11. Key Takeaways from Keysight’s Q4 Results

We were impressed by Keysight’s optimistic EPS guidance for next quarter, which blew past analysts’ expectations. We were also excited its revenue outperformed Wall Street’s estimates by a wide margin. Zooming out, we think this quarter featured some important positives. The stock traded up 13.9% to $277.85 immediately following the results.

12. Is Now The Time To Buy Keysight?

Updated: February 23, 2026 at 4:43 PM EST

The latest quarterly earnings matters, sure, but we actually think longer-term fundamentals and valuation matter more. Investors should consider all these pieces before deciding whether or not to invest in Keysight.

Keysight isn’t a terrible business, but it isn’t one of our picks. To kick things off, its revenue growth was uninspiring over the last five years.
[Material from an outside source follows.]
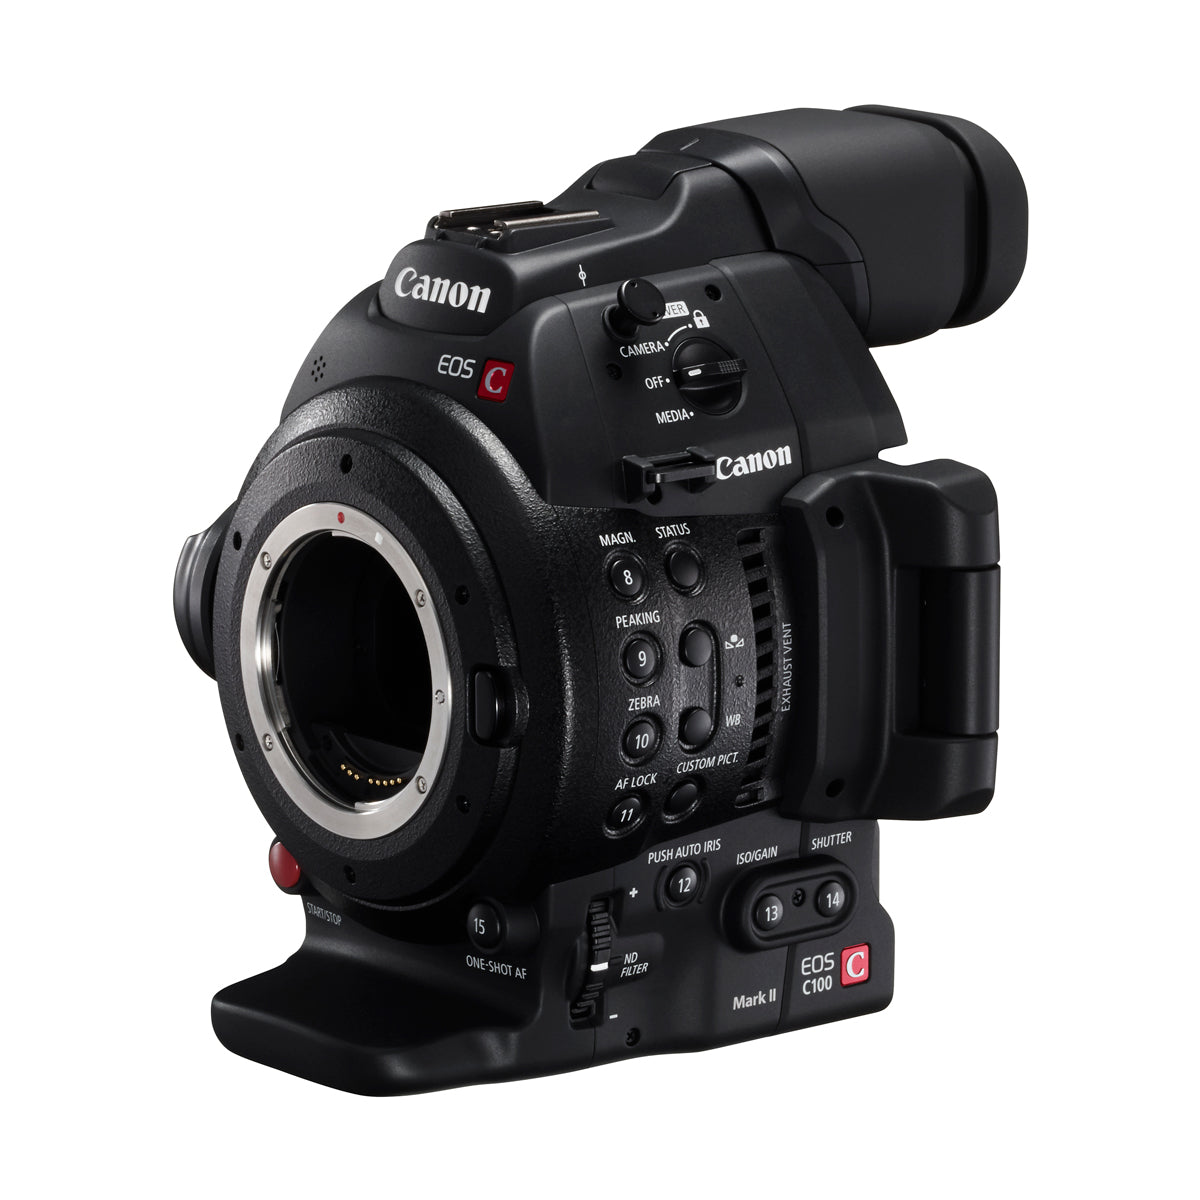 Canon EOS C100 Mark II Dual Pixel CMOS AF & EF 24-105mm f/4L IS II USM Zoom Lens Kit

While its admirable gross margins indicate the mission-critical nature of its offerings, the downside is its diminishing returns show management's prior bets haven't worked out. On top of that, its declining operating margin shows the business has become less efficient.

Keysight’s P/E ratio based on the next 12 months is 29.2x. Beauty is in the eye of the beholder, but our analysis shows the upside isn’t great compared to the potential downside. We're fairly confident there are better stocks to buy right now.

Wall Street analysts have a consensus one-year price target of $226.46 on the company (compared to the current share price of $277.85), implying they don’t see much short-term potential in Keysight.